Later, s. 91 began to be invoked not only in “sell vs hold” disputes, but also in “who conducts the sale” disputes, as in Barrett v Halifax Building Society (1996) 28 HLR 634. The present case falls squarely in this second category.

3.3 Mortgagees, Receivers and Their Duties

The rights and duties of receivers, and their relationship with the mortgagee and mortgagor, are critical to understanding the Court of Appeal’s reluctance to interfere.

In Silven Properties Ltd v Royal Bank of Scotland plc [2003] EWCA Civ 1409, [2004] 1 WLR 997, Lightman J summarised that:

  • Receivers are appointed as agents of the mortgagor, but their primary duty is to the mortgagee to realise the security and repay the loan.
  • They are not managing the property for the mortgagor’s benefit but realising a security interest that is the property of the mortgagee.
  • On sale, receivers must take reasonable care to obtain the best price reasonably obtainable at the time, but they are not guarantors of achieving some idealised maximum price.

These principles are heavily relied upon by Nugee LJ in affirming that receivers, properly appointed and properly advised, should normally be left to get on with selling the property.


4. Precedents Cited and Their Treatment

4.1 Palk v Mortgage Services Funding plc [1993] Ch 330

Palk is the foundation for modern s. 91 jurisprudence. Key points:

  • Sir Donald Nicholls V-C emphasised that s. 91(2) confers an unfettered discretion, exercisable at any time, but that the court must act judicially, with due regard to all interests. He held that:

    “It cannot be right that the court should decline to exercise the power if the consequence will be manifest unfairness.”

  • Sir Michael Kerr, concurring, recognised that orders compelling sale against the mortgagee’s wishes should be made only in exceptional circumstances, particularly where a substantial part of the mortgage debt remained outstanding. He stressed the importance of not depriving a mortgagee of contractual rights without good reason.

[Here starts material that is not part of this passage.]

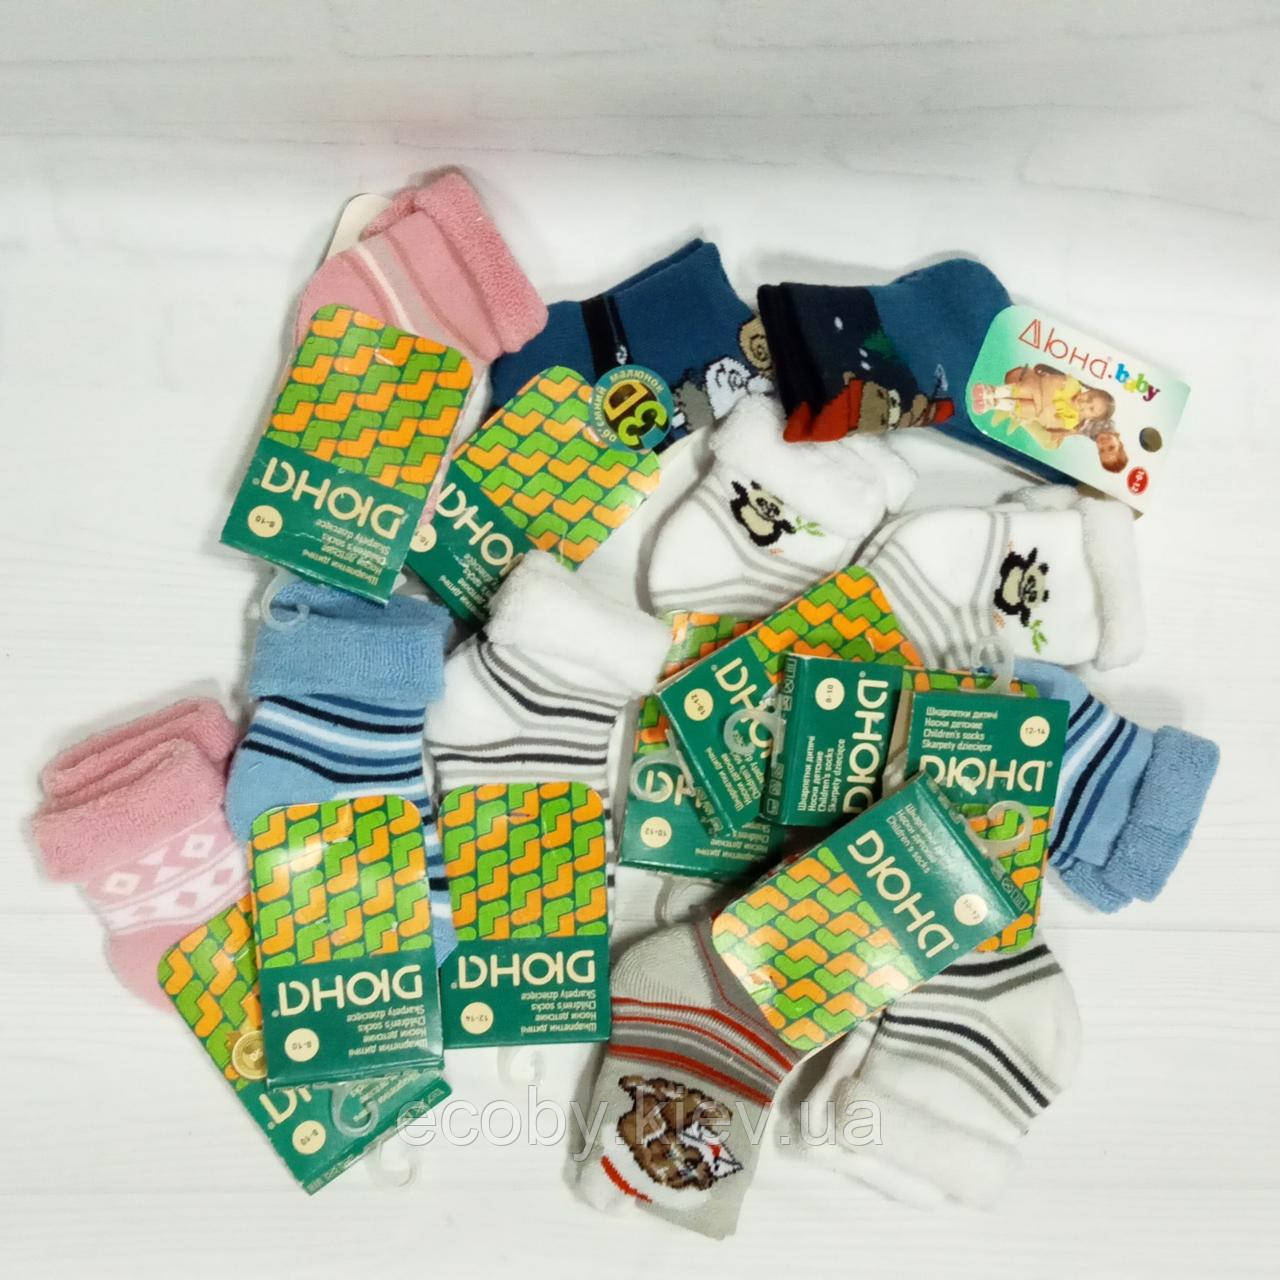 Дитячі шкарпетки  тм Duna, розміри 8-10, 10-12, 12-14, махрові.

In Fairmont, Nugee LJ carefully draws on both limbs of Palk:

  • From Sir Donald Nicholls: the lens of manifest unfairness as the trigger for judicial intervention.
  • From Sir Michael Kerr: the notion that intervention against a mortgagee’s contractual rights should be confined to exceptional cases.

However, Nugee LJ also stresses that Palk concerned a mortgagee who was refusing to sell, not one actively selling. It does not support taking conduct of sale away from a mortgagee who is properly exercising its power of sale.

4.2 Barrett v Halifax Building Society (1996) 28 HLR 634

In Barrett, Evans-Lombe J permitted mortgagors to complete a sale they had negotiated, even though the sale would still leave a shortfall, and over the Halifax’s objection. Key features:

  • The mortgagors had an identified buyer at a fixed price.
  • The Halifax’s objections were policy-based, not grounded in any clear advantage in stopping the sale.

However, Barrett has long been regarded with caution, particularly after the Court of Appeal’s comments in Krausz. In Fairmont:

  • Nugee LJ accepts that Barrett was an “unusual case” and must now be read subject to the reservations of Phillips LJ and Millett LJ in Krausz.
  • The present Court sees no proper foundation in Barrett for a general principle that mortgagors may routinely obtain conduct of sale simply because they disagree with the mortgagee’s assessment of value.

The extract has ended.